## The task:
The data that follows must be transcribed in full and exactly, minus the pictures.

## Supplied data:
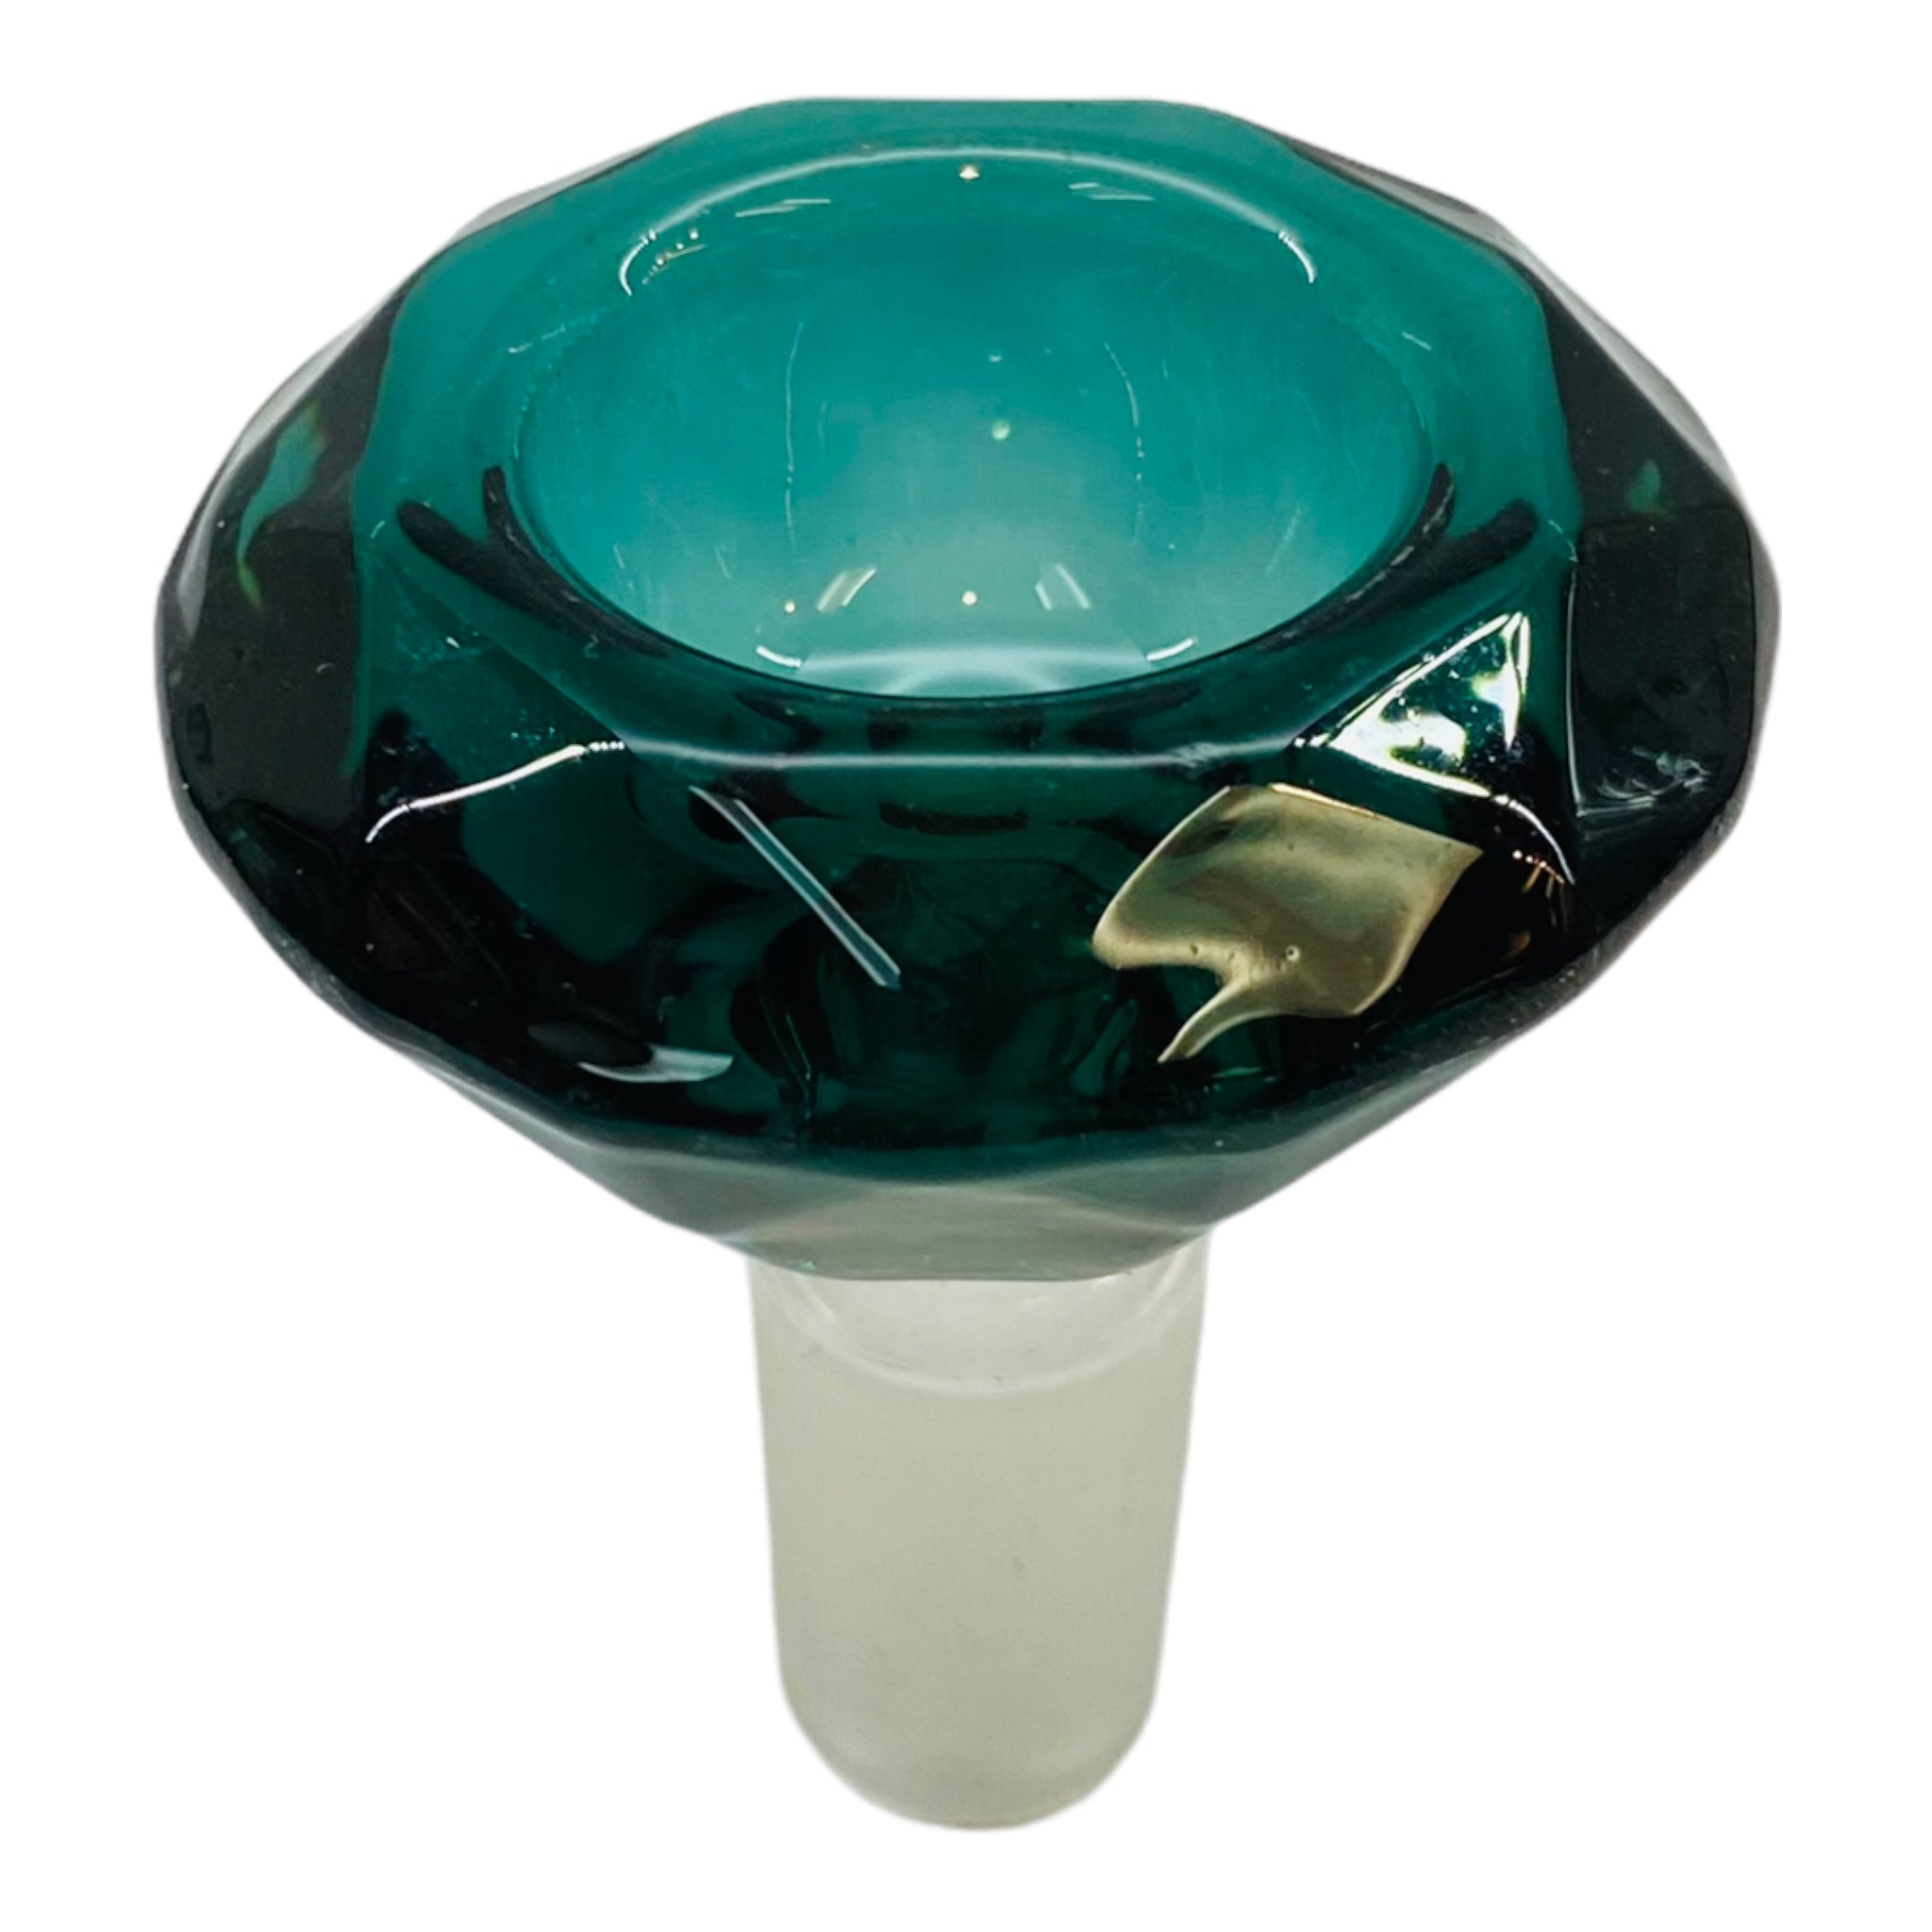 14mm Flower Bowl - Faceted Diamond Glass Bong Bowl Piece - Turquoise
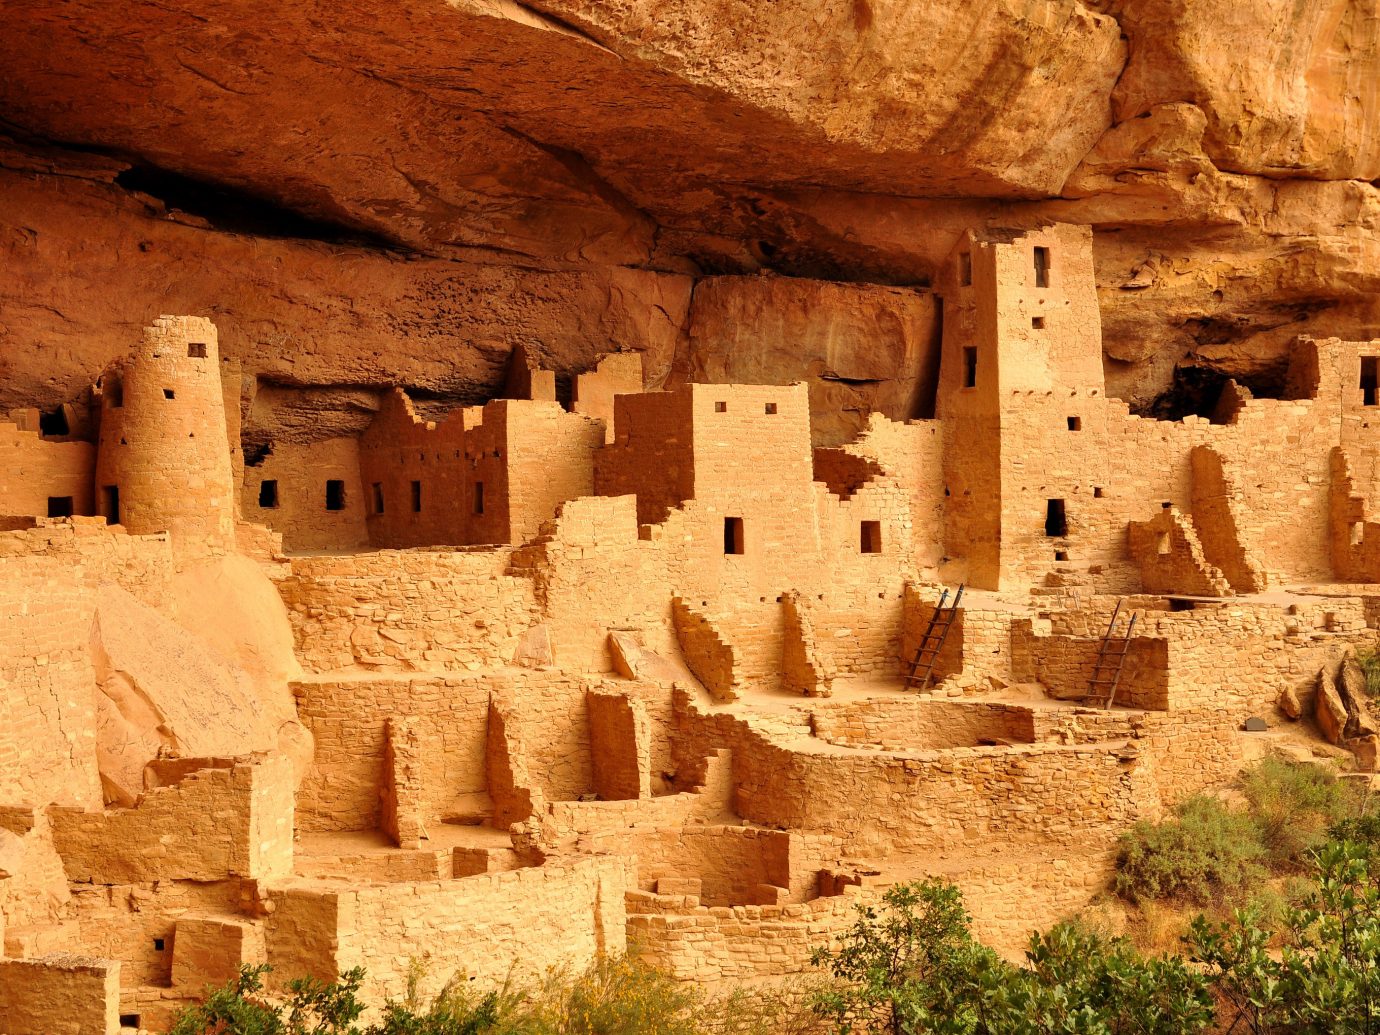 Trip Ideas Nature cliff historic site Ruins archaeological site outdoor ancient history egyptian temple wadi arch fortification temple cliff dwelling middle ages formation monastery history unesco world heritage site stone
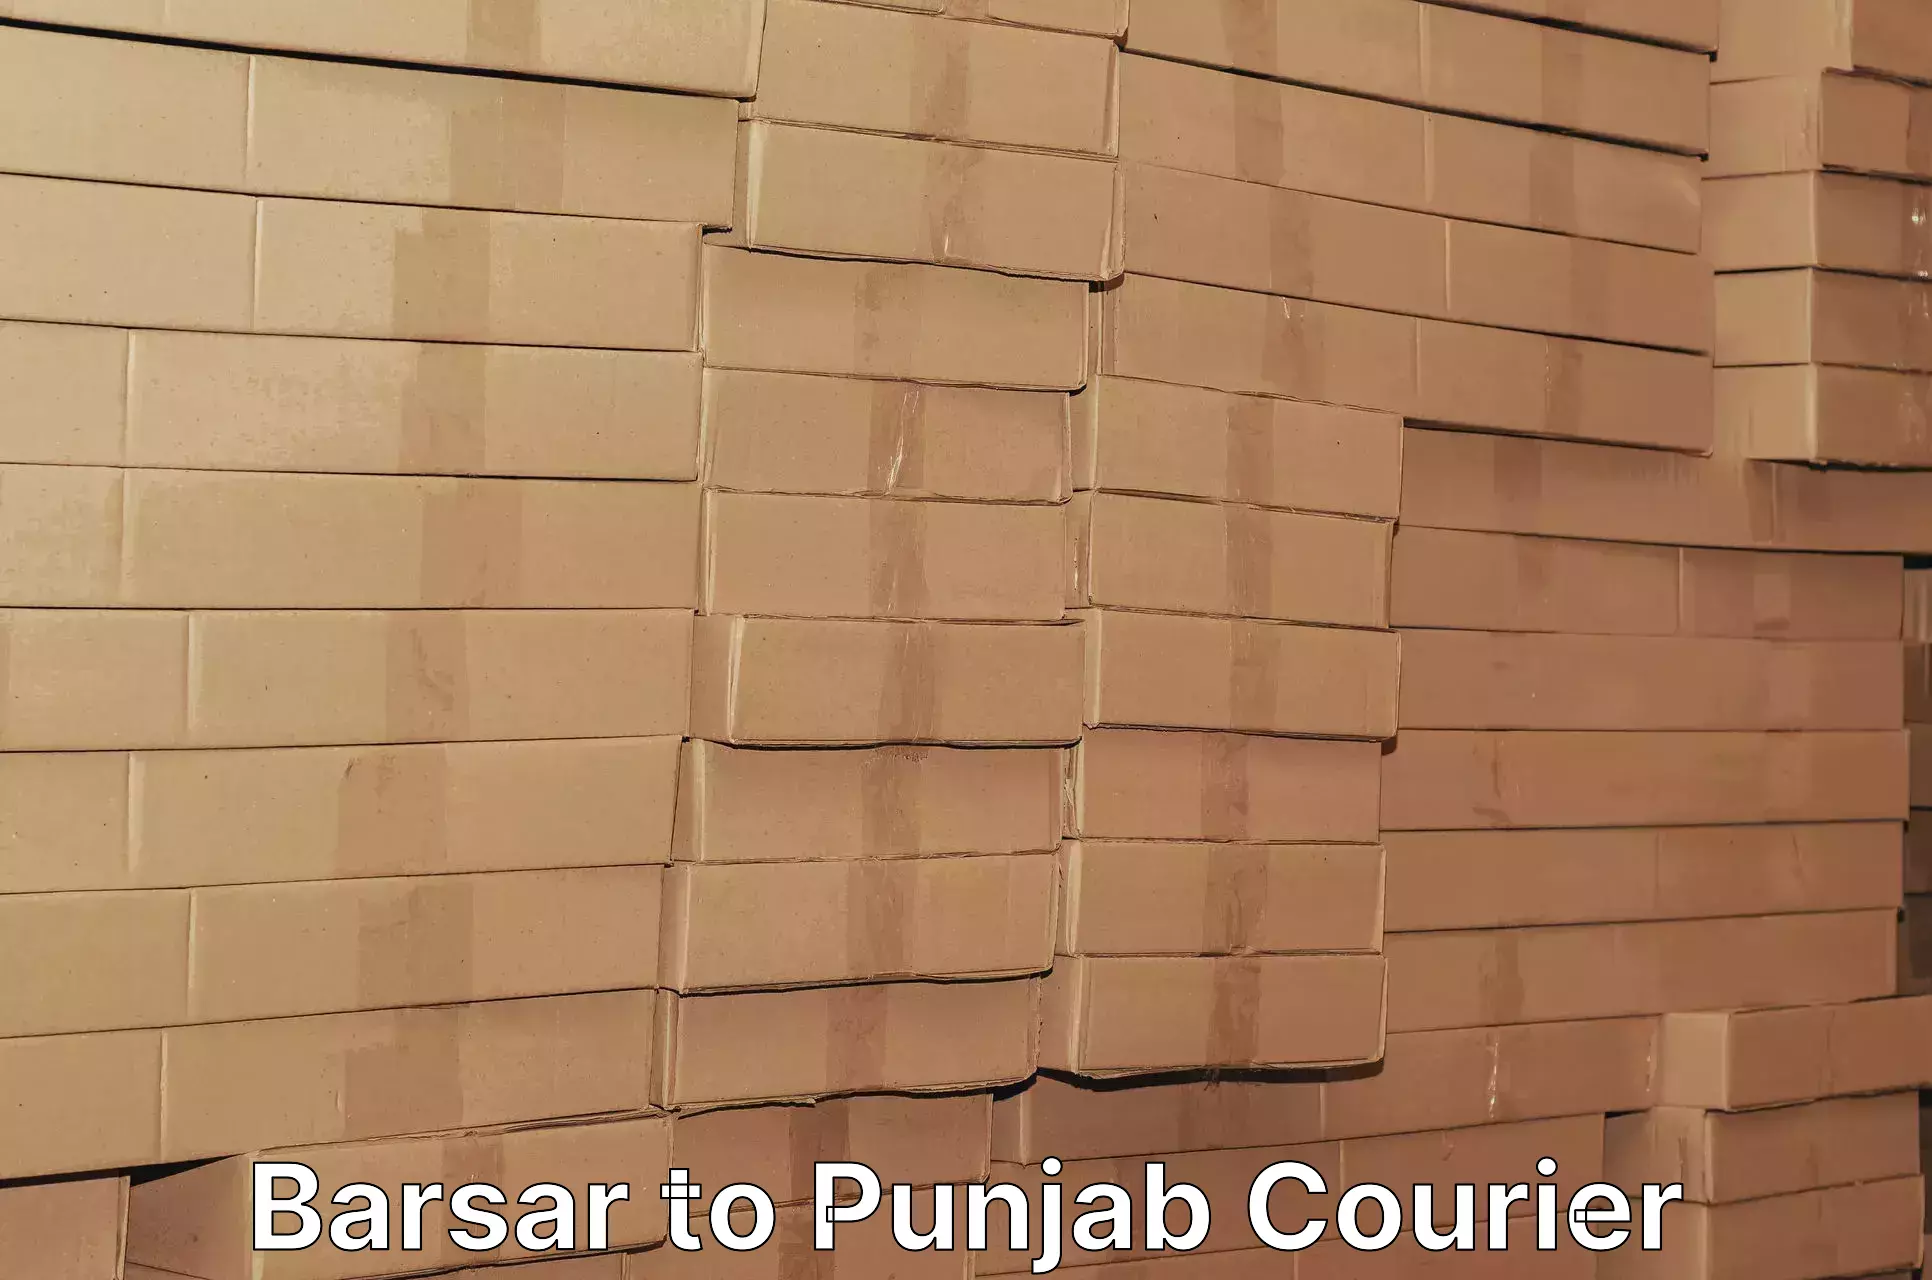 Efficient courier operations Barsar to Punjab
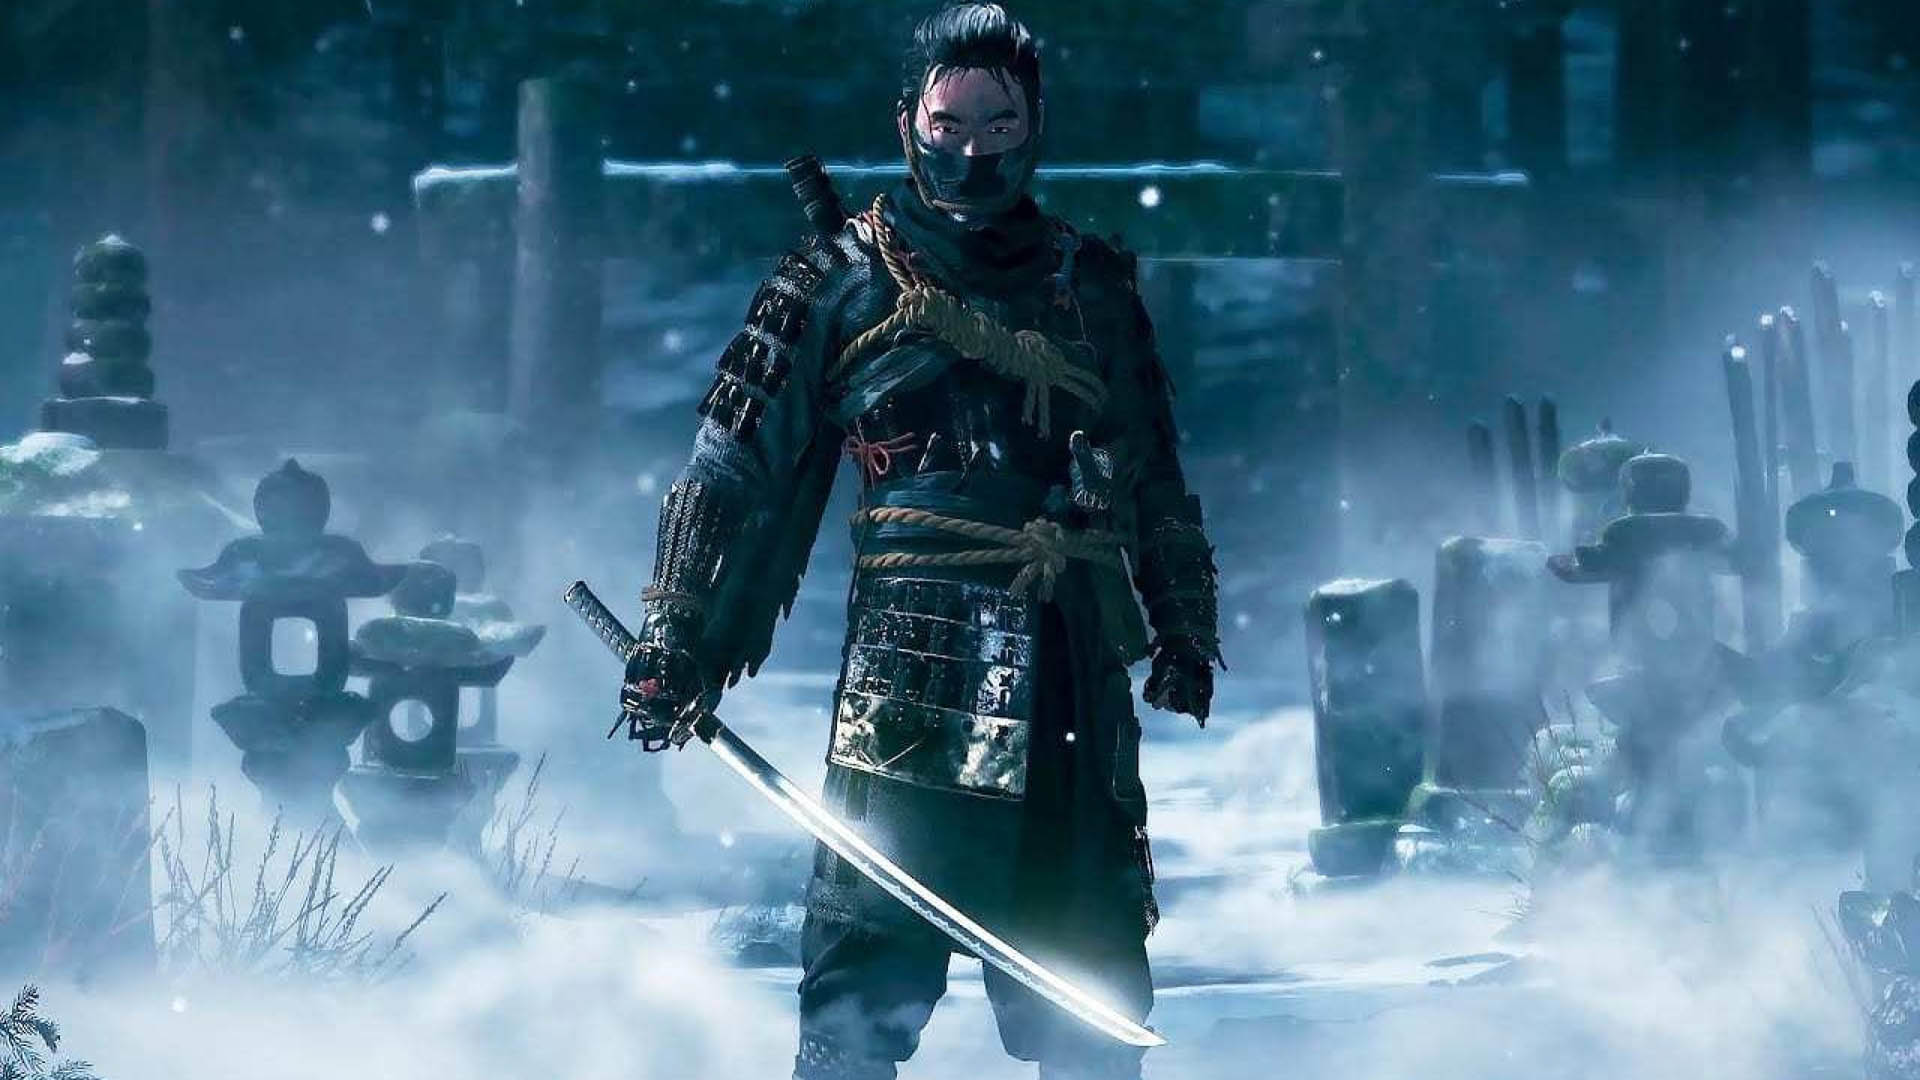 New Job Listing At Sucker Punch Productions Teases A Ghost Of Tsushima Sequel

## Problem solution:
 14mm Flower Bowl - Faceted Diamond Glass Bong Bowl Piece - Turquoise
 Trip Ideas Nature cliff historic site Ruins archaeological site outdoor ancient history egyptian temple wadi arch fortification temple cliff dwelling middle ages formation monastery history unesco world heritage site stone
 Efficient courier operations Barsar to Punjab
 New Job Listing At Sucker Punch Productions Teases A Ghost Of Tsushima Sequel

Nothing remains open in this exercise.